Run these commands to deploy the controller to the kind cluster.
make docker-build IMG=kubebuilder-tutorial/cronjob-controller:0.0.1
kind load docker-image kubebuilder-tutorial/cronjob-controller:0.0.1
make deploy IMG=kubebuilder-tutorial/cronjob-controller:0.0.1
We can confirm the controller was deployed successfully by running:
kubectl get pods,services -n project-system
Additionally, you’ll see that new jobs are being created once again:
kubectl get jobs
Step 5: Testing the Operator
Write and Run Unit Tests
The functionality of the controller should be tested thoroughly to prevent unexpected behaviour. By default, two unit test files are included in project/internal/controller/. You can run them by running:
make test
Currently, the test will fail. However, if you replace project/internal/controller/cronjob_controller_test.go with project/internal/controller/cronjob_controller_test.go @ github.com/kubernetes-sigs/kubebuilder and project/internal/controller/suite_test.go with project/internal/controller/suite_test.go @ github.com/kubernetes-sigs/kubebuilder, they should pass.
Run End-to-End Tests
You can implement automated end-to-end tests that mimic real user behaviour using Kind. The default kubebuilder boilerplate includes a simple end-to-end test in the folder project/test/e2e/ that you can run. It requires that an existing Kind cluster named kind is running.
make test-e2e
Step 6 (optional): Implement WebHooks
Last but not least, we will cover how to create HTTP admission webhooks for the Operator. First we will create boilerplate for the new webhook by running:
kubebuilder create webhook --group batch --version v1 --kind CronJob --defaulting --programmatic-validation
The above command specifically scaffolds a “defaulting” and “validating” web hook. The “Defaulter” will set defaults for the custom resource. The “Validator” will further validate the custom resource beyond what’s possible through the YAML manifests alone.

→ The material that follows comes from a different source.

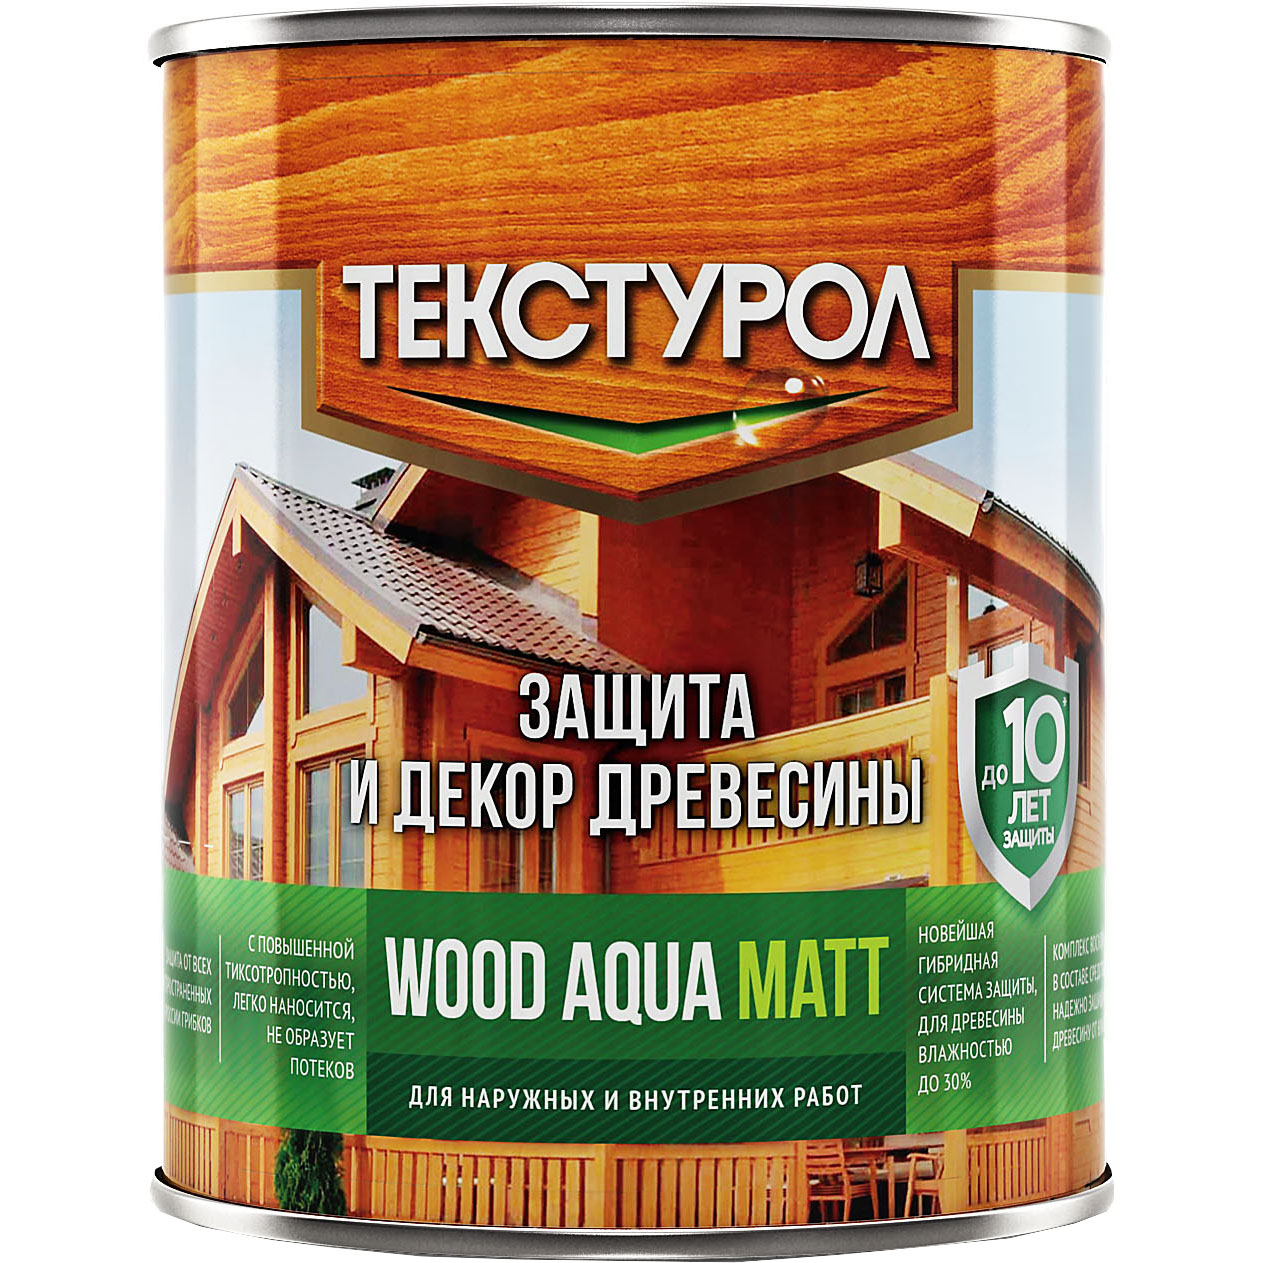 Текстурол WOOD AQUA MATT деревозащитное средство на вод. основе Орех 0,8л Л-С

After this, replace project/api/v1/cronjob_webhook.go with project/api/v1/cronjob_webhook.go @ github.com/kubernetes-sigs/kubebuilder.

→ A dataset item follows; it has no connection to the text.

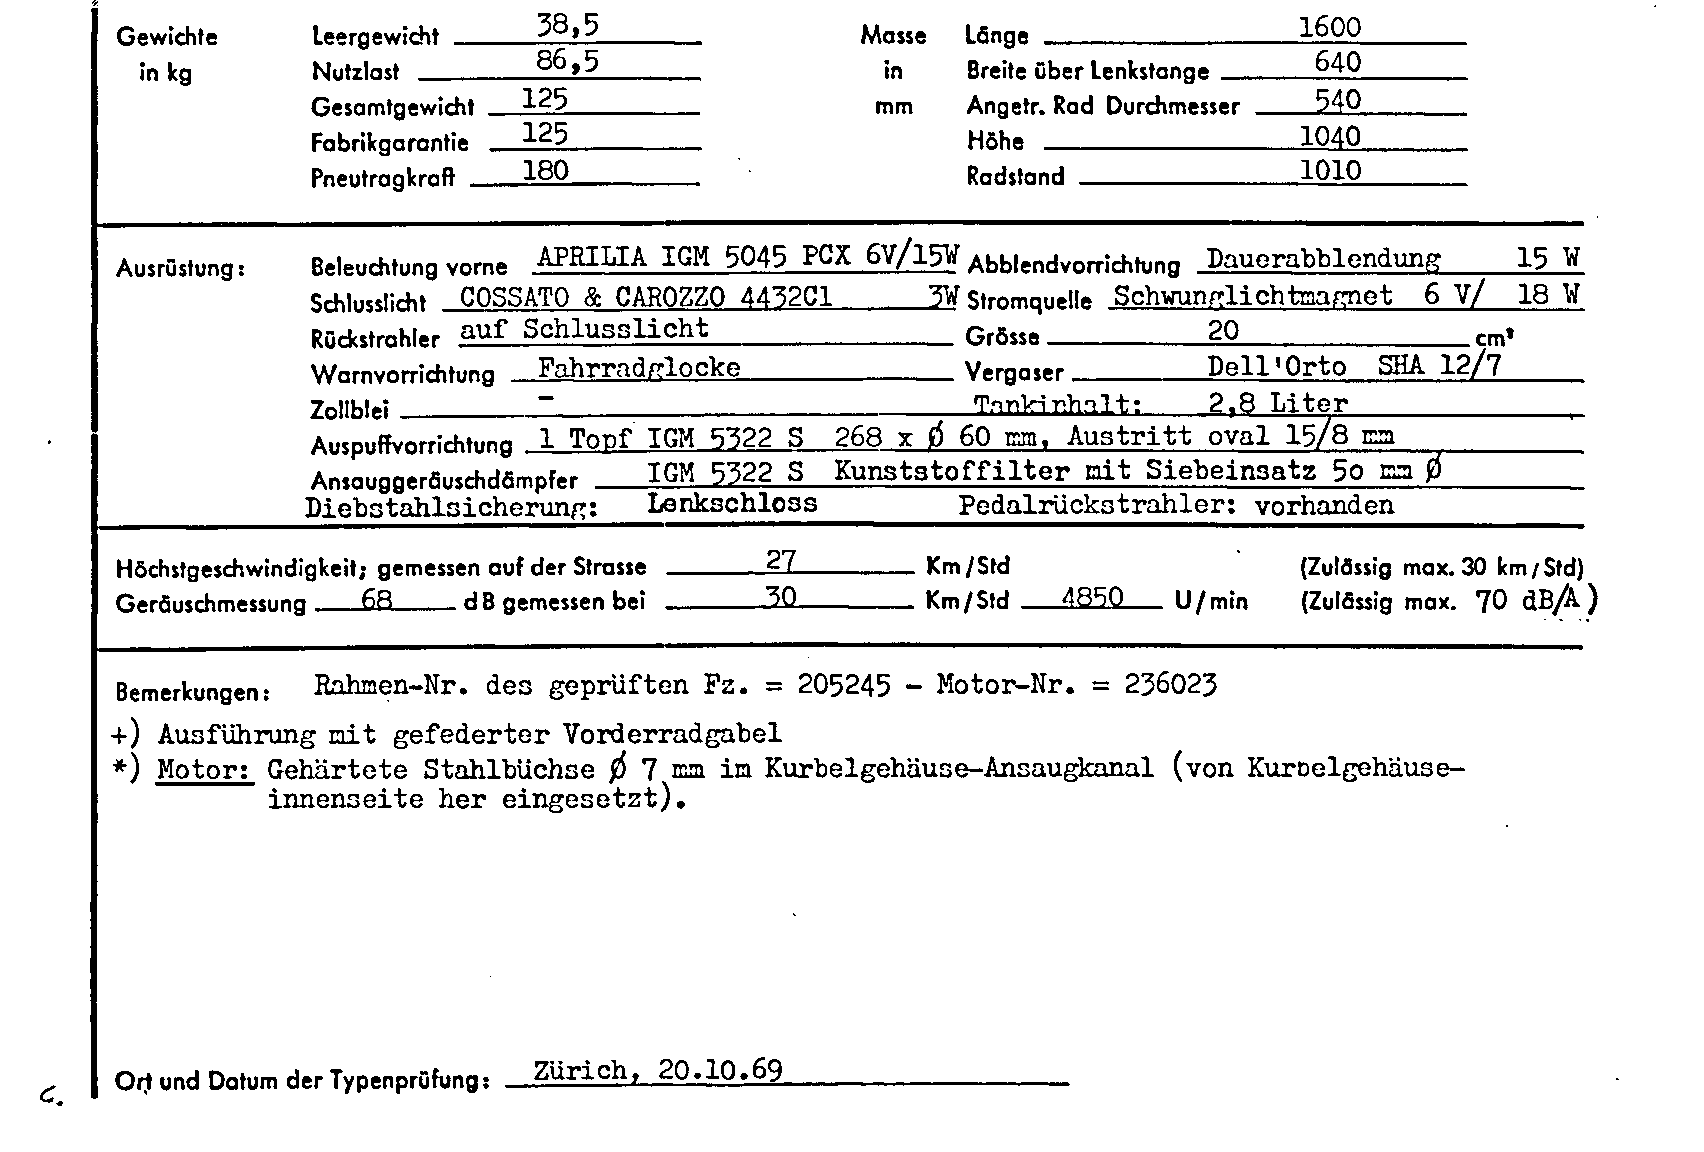 Swiss Certificate of Conformity 7075 German Page 2 (TG.DE.7075.2.png)

HTTPS encrypted communication is required to run the webhook. We will retrieve free SSL certs by using cert-manager:
kubectl apply -f https://github.com/cert-manager/cert-manager/releases/download/v1.15.3/cert-manager.yaml
We will then need to rebuild the controller with a different image tag than before.

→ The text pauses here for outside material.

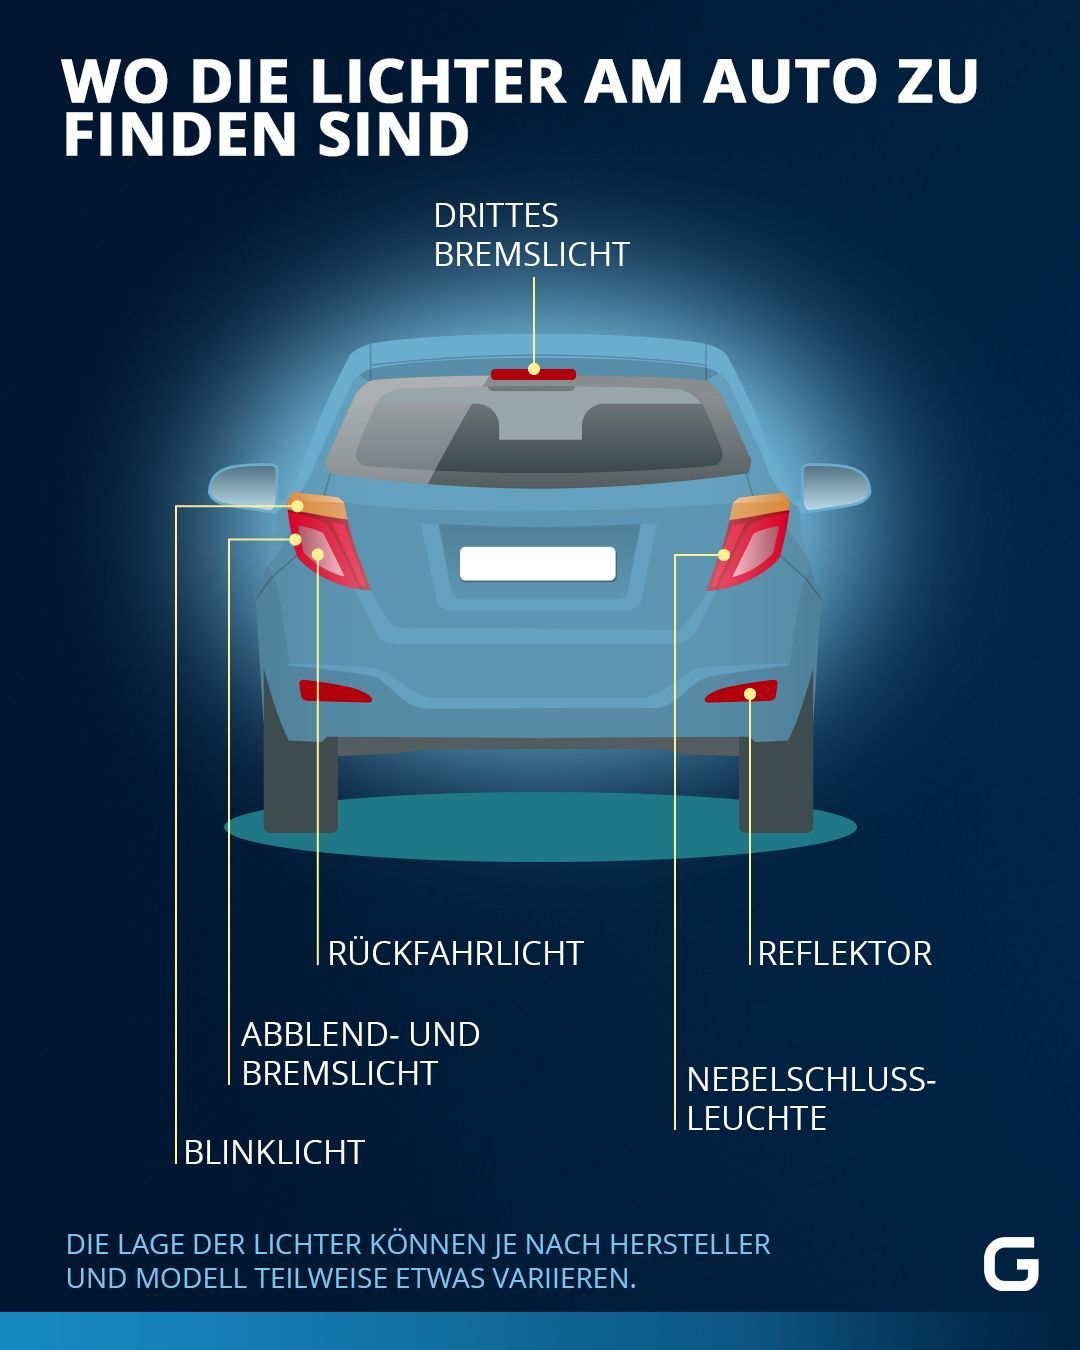 Lichter am Auto: Wann du die Beleuchtung nutzen solltest

make docker-build IMG=kubebuilder-tutorial/cronjob-controller:0.0.2
kind load docker-image kubebuilder-tutorial/cronjob-controller:0.0.2
Then we need to uncomment all Kustomize paths, resources, and replacements labelled [WEBHOOK] or [CERTMANAGER] in project/config/crd/kustomization.yaml and project/config/default/kustomization.yaml.
Finally, we can re-deploy the controller with the new image:
make deploy IMG=kubebuilder-tutorial/cronjob-controller:0.0.2
Now if you try to create a second CronJob with an invalid schedule, the Validator should catch the issue and return an error:
1apiVersion: batch.tutorial.kubebuilder.io/v1
2kind: CronJob
3metadata:
4 labels:
5 app.kubernetes.io/name: project
6 app.kubernetes.io/managed-by: kustomize
7 name: invalid-cronjob-sample
8spec:
9 schedule: "*/1 * * * * * *"
10 startingDeadlineSeconds: 60
11 concurrencyPolicy: Allow # explicitly specify, but Allow is also default.
12 jobTemplate:
13 spec:
14 template:
15 spec:
16 containers:
17 - name: hello
18 image: busybox
19 args:
20 - /bin/sh
21 - -c
22 - date; echo Hello from the Kubernetes cluster
23 restartPolicy: OnFailure
24 Conclusion
And with that, we have covered the entire Kubebuilder tutorial in a condensed manner. You can delete the cluster you created by running kind delete cluster -n kind. When you’re ready, I encourage you to go back to the official Kubebuilder tutorial and read the explanations more thoroughly to get a deeper understanding of building Operators with Kubebuilder. Thank you for reading!